File carving methods in data recovery

File carving is a process of searching for files in a data stream based on knowledge of file formats rather than any other metadata. Carving is useful when filesystem metadata is damaged or otherwise unusable. The FAT filesystem, typically used on small media, is the most common example. Once the file is deleted, or the media is formatted, the location data is lost because a filesystem zeroes out pointers to file contents.

Contiguous and fragmented files

A filesystem can store files on the media either in one chunk (contiguous, or non-fragmented files) or in several non-adjacent chunks (non-contiguous, or fragmented files).

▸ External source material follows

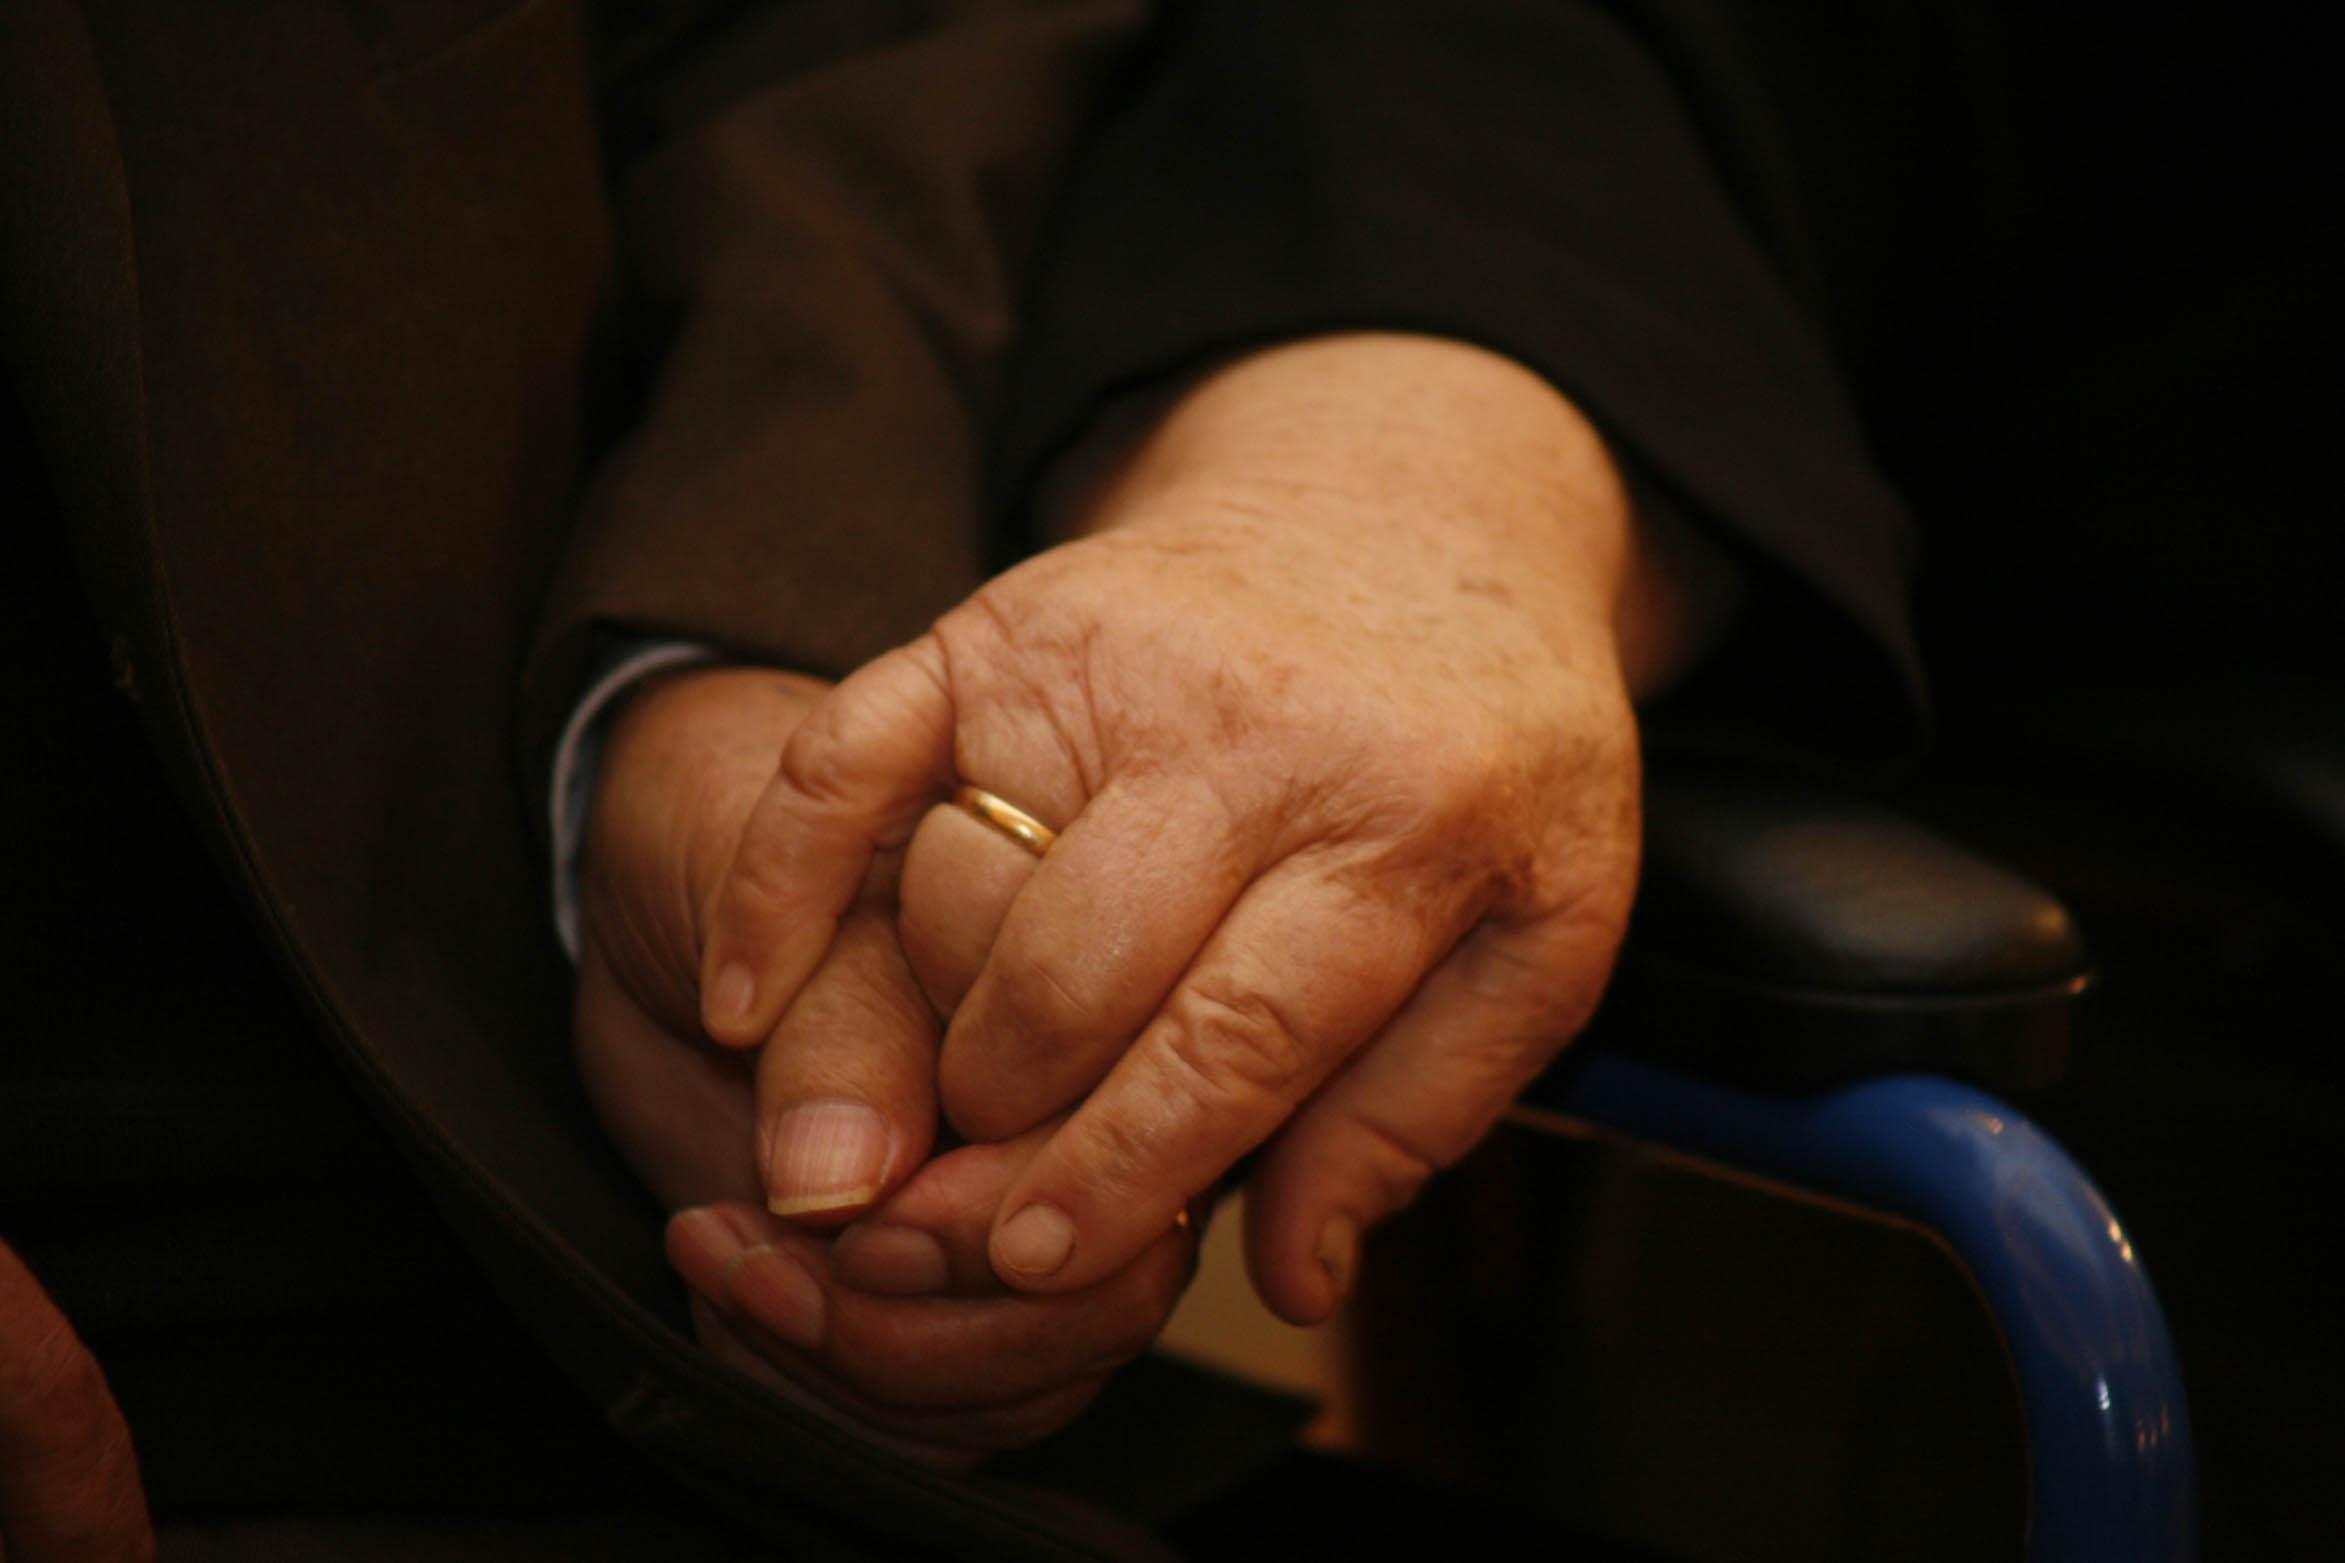 Σέρρες: Εξαπάτηση ηλικιωμένης με «λεία» 30 λίρες και χίλια ευρώ

Fragmentation occurs when there is not enough contiguous free space to write a file; the filesystem then has to split a file into parts that fit the available chunks of free space. Fragmentation also occurs when several files are written to the volume simultaneously and in other cases.

Fragmentation increases as the filesystem ages, as files are created and deleted. Larger files fragment more; this applies to higher-resolution still images and, to an even greater extent, to videos. It is common to have half or more of the video files on a memory card fragmented.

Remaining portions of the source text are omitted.